Gabi Moisa - Fotolia
Hazelcast grid tunes for data scalability tradeoffs
An in-memory data grid (IMDG) from Hazelcast lets designers tune subsystems to support consistency over availability, or the reverse, depending on what designers want.
In-memory data grid vendor Hazelcast today said it updated its platform to improve data consistency in large scale operations. Hazelcast 3.12 adds subsystems supporting settings for favoring consistency over availability -- or, conversely, availability over consistency -- when making data scalability tradeoffs.
While IMDGs are not literally databases, large enterprise and e-commerce companies have found them useful for accelerating database performance for real-time applications such as payment processing and fraud detection or recommendation engines, said Matt Aslett, analyst at 451 Research.
Designers of these applications have had to carefully match attributes of data consistency and system availability as their systems have gone online and global. IMDGs are often part of the mix, playing a key role as part of real-time streaming data systems.
"Lines have blurred some in terms of in-memory data grid providers delivering consistency and support for stream processing," Aslett said.
Interest in IMDGs has grown along with the growing need for hybrid operational and analytic processing, in which enterprises do analytics on operational data, he said.
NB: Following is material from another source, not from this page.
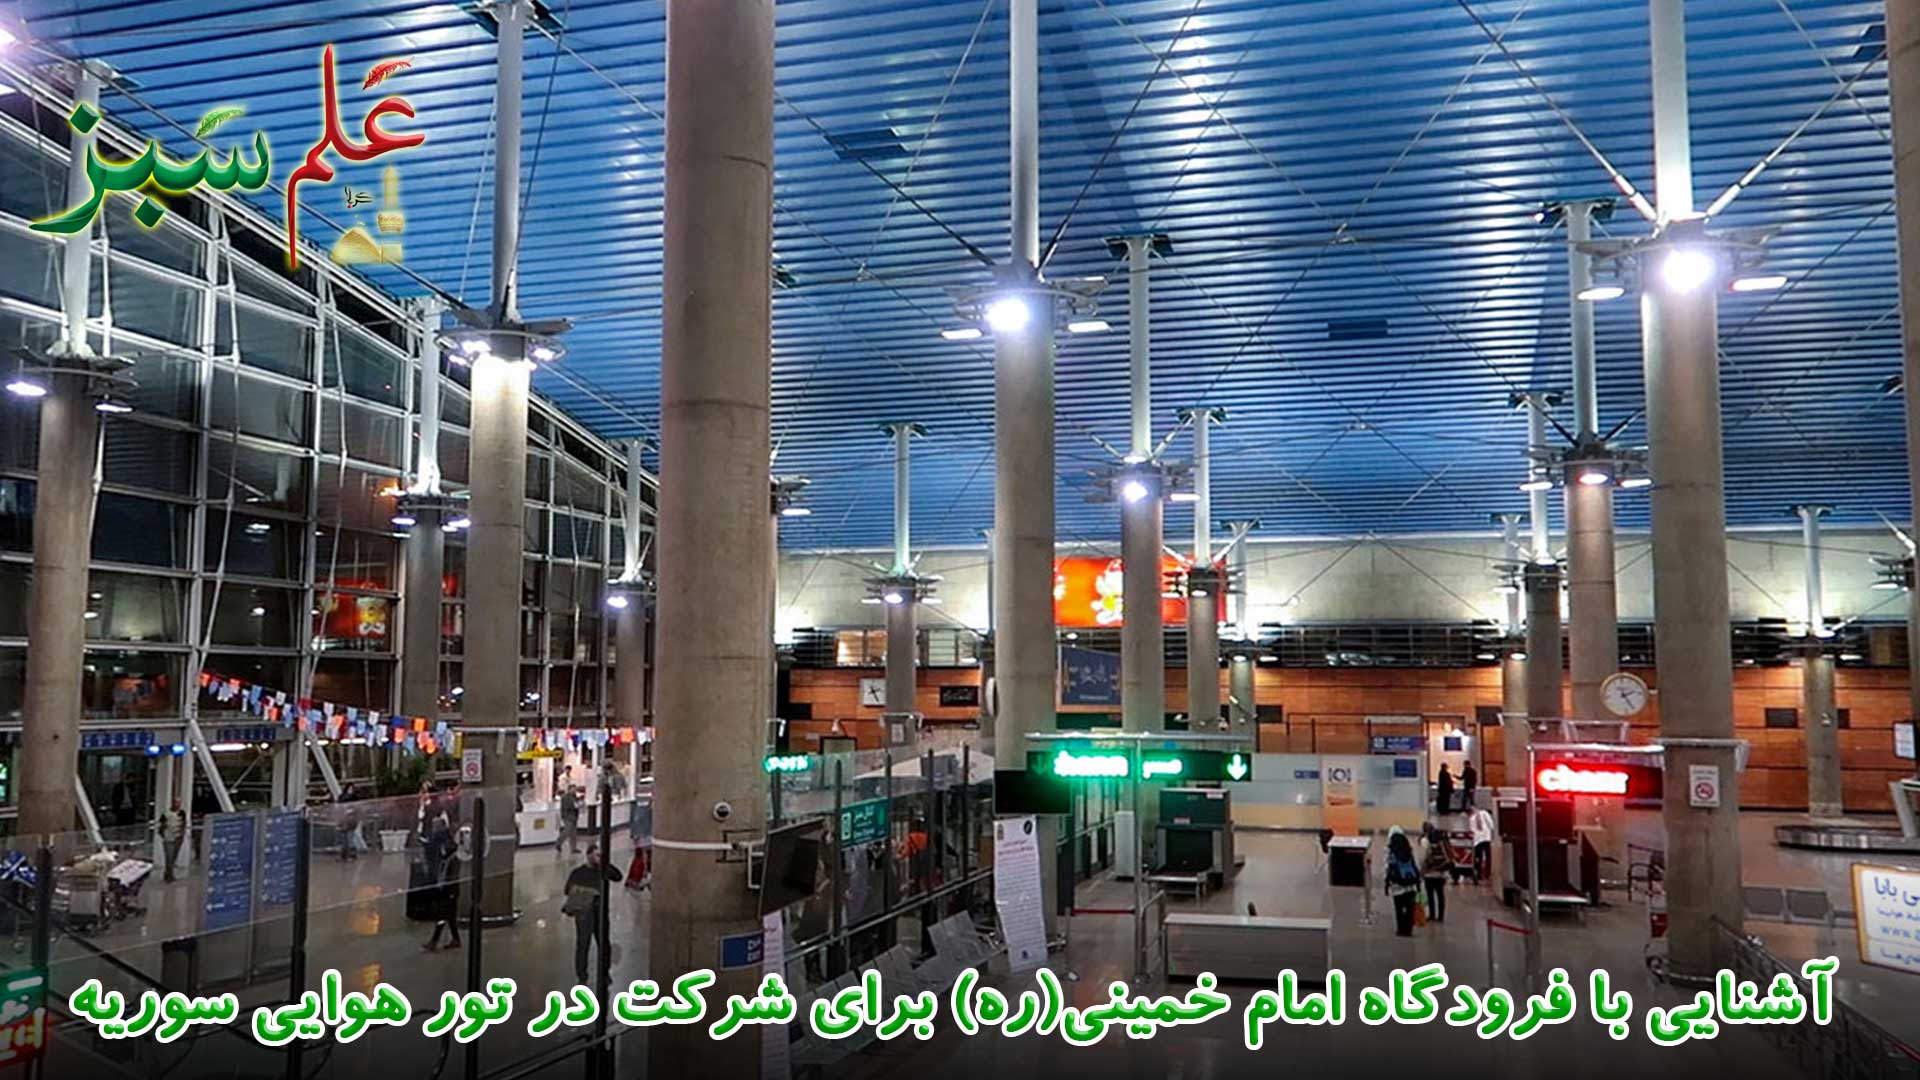 آشنایی با فرودگاه امام خمینی(ره) برای شرکت در تور هوایی سوریه

A variety of products and services come under the in-memory data processing umbrella, including IMDGs, in-memory databases and stream processing, Aslett noted.
The blurring is apparent, Aslett said, in Hazelcast's new consistency and availability subsystems, as well as in a Hazelcast Jet stream processing engine.
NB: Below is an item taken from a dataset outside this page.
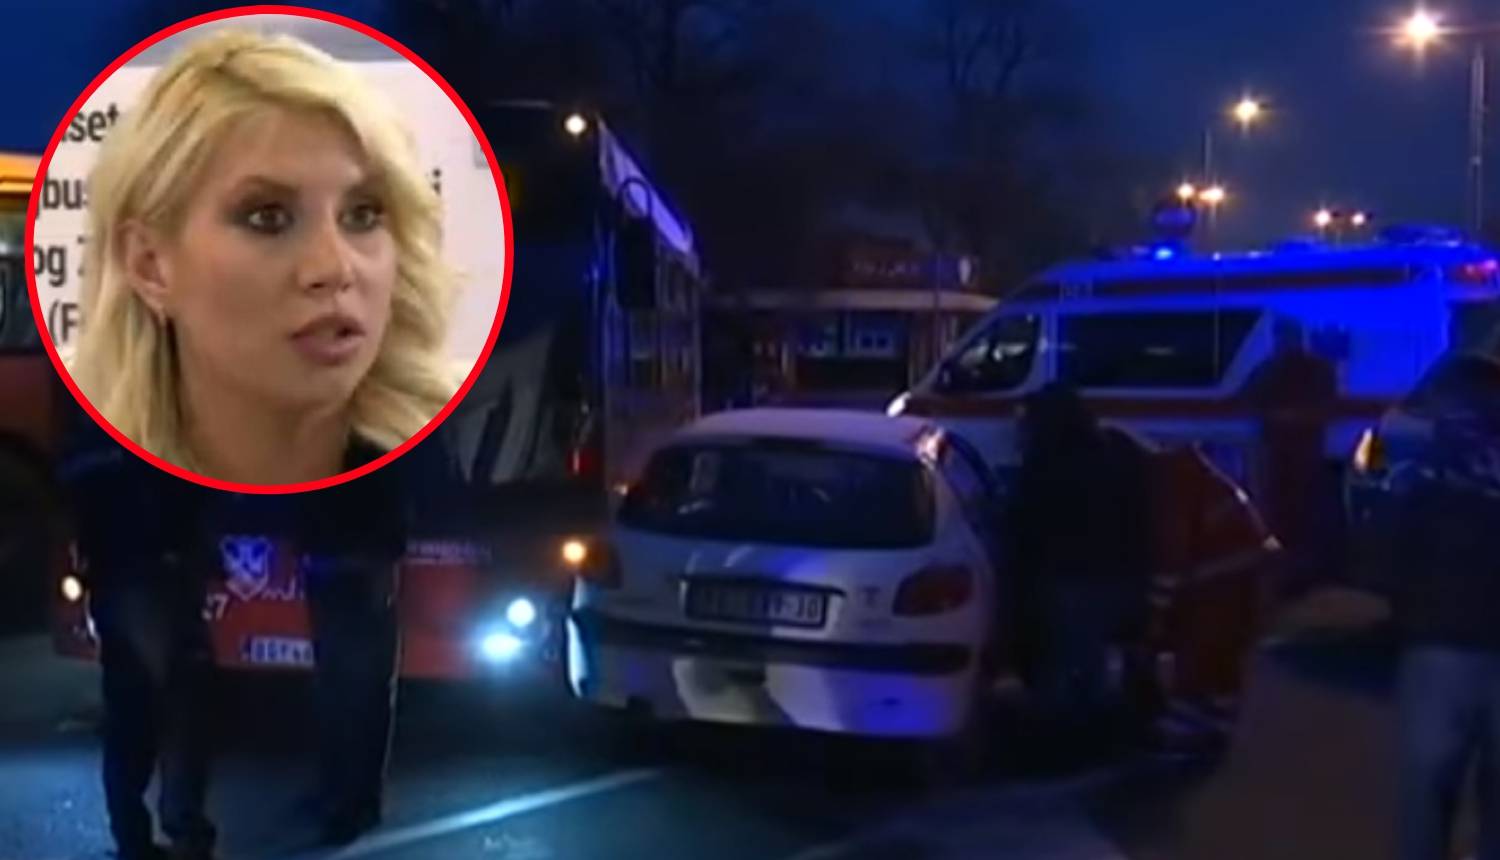 Užas u Beogradu: Bus naletio na voditeljicu, ostala bez ruke!

Dialing in data scalability
For distributed data systems, consistency, availability and network partition settings have become the knobs and dials with which data architects tinker as they tune cloud-scale commerce systems.
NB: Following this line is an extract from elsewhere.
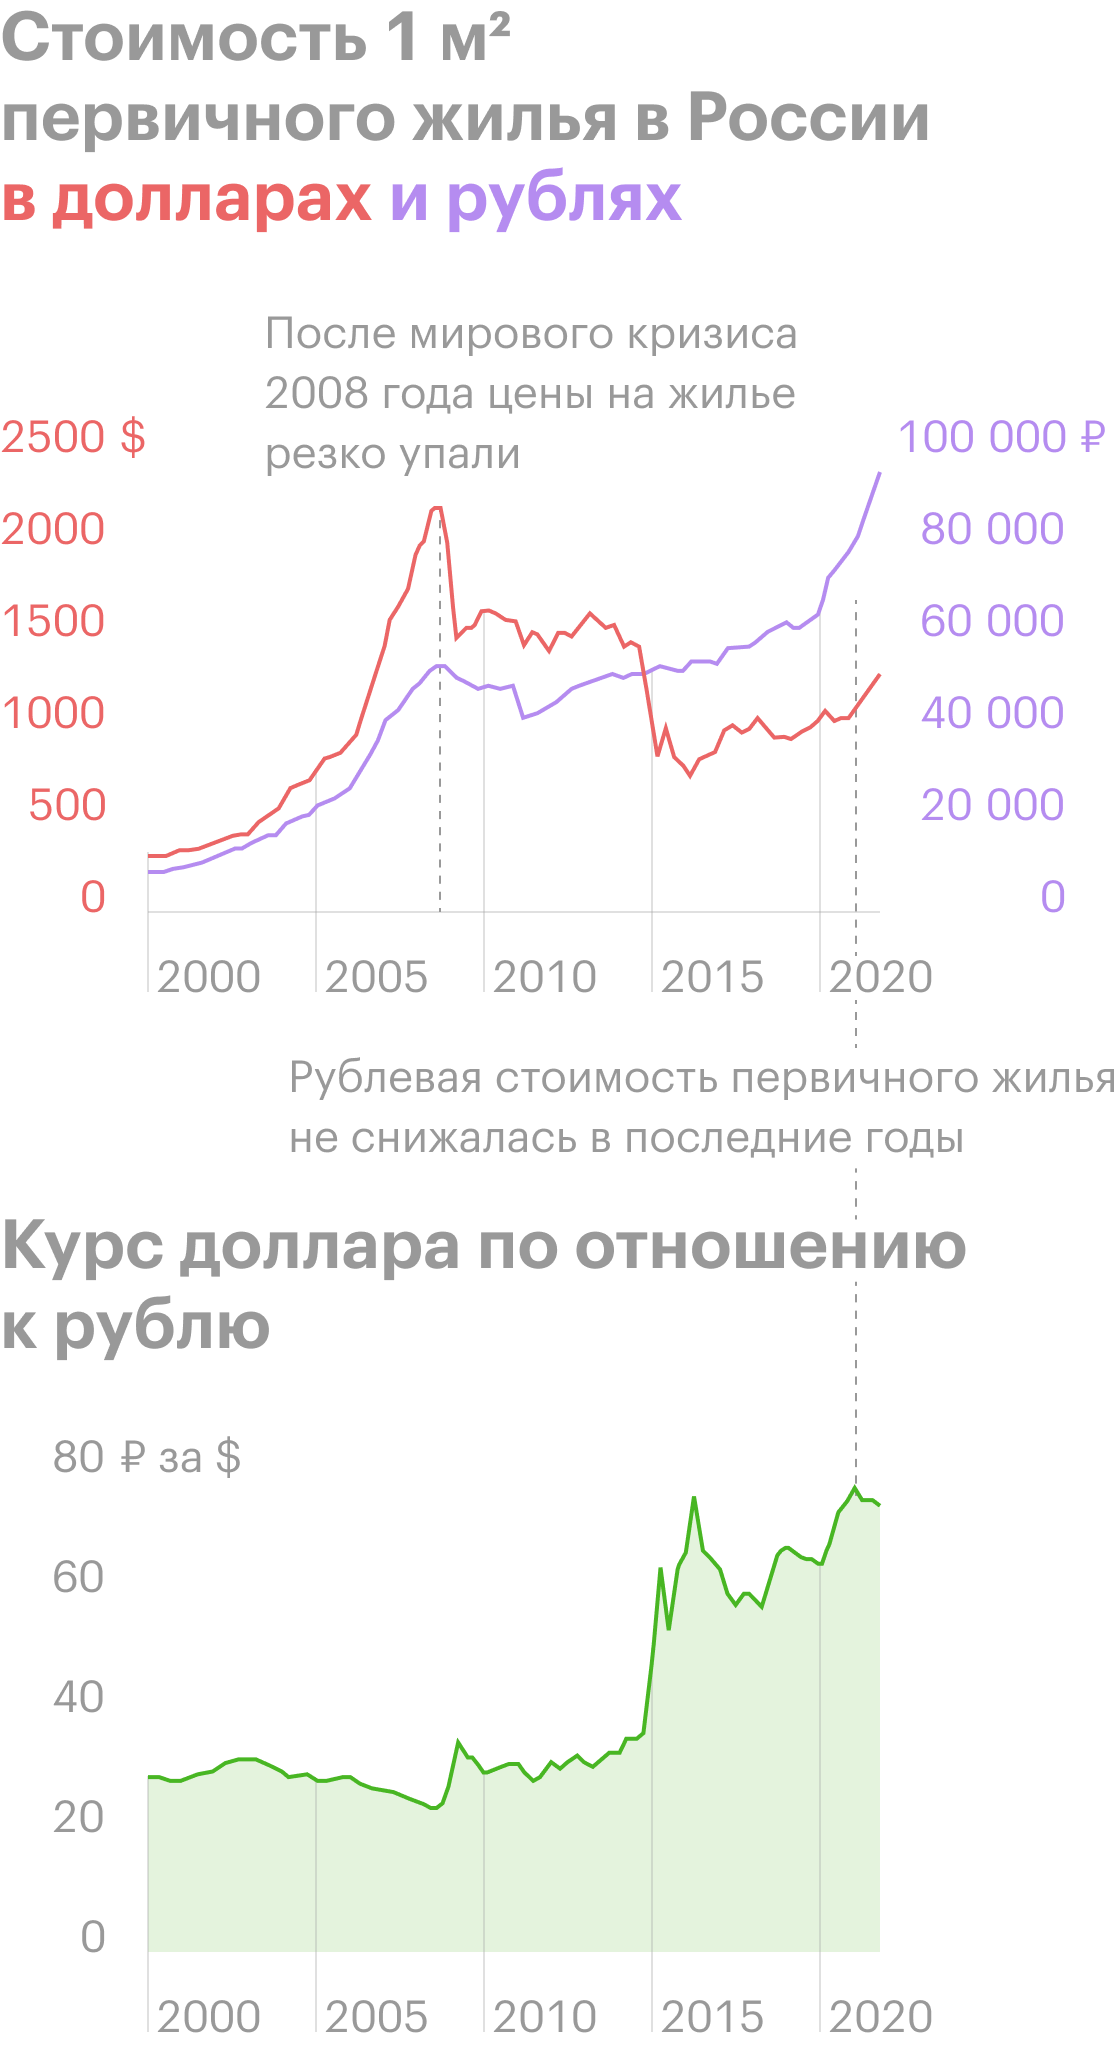 стоимость квартиры в москве в 2000 году

In fact, users have sought to balance data consistency, data availability, and partition tolerance in distributed systems since the advent of the CAP Theorem developed in 2000 by Eric Brewer, an academic and vice president of infrastructure and fellow at Google.
Designers' interpretation of the CAP theorem underlie data designs ranging from Google's Cloud Spanner to Microsoft's Azure Cosmos DB -- not to mention numerous databases fielded by a host of NoSQL and NewSQL startups -- as systems encounter increased requirements to support full data consistency at large scale.
Kelly Harrell, Hazelcast CEO, said Hazelcast's new 3.12 subsystems let system designers tune the IMDG based on their overarching design objectives. Other additions to the platform include support for JSON data structures -- to complement existing key-value data support -- and automatic disaster recover failover.
The software is in beta now, with general availability expected in March, according to the company.
Grid yourself for data scalability
Users employed IMDGs like Hazelcast's in distributed data processing going back to the days of grid computing, a predecessor to cloud computing. The grids enabled designers to deal with capacity issues related to spikes in use.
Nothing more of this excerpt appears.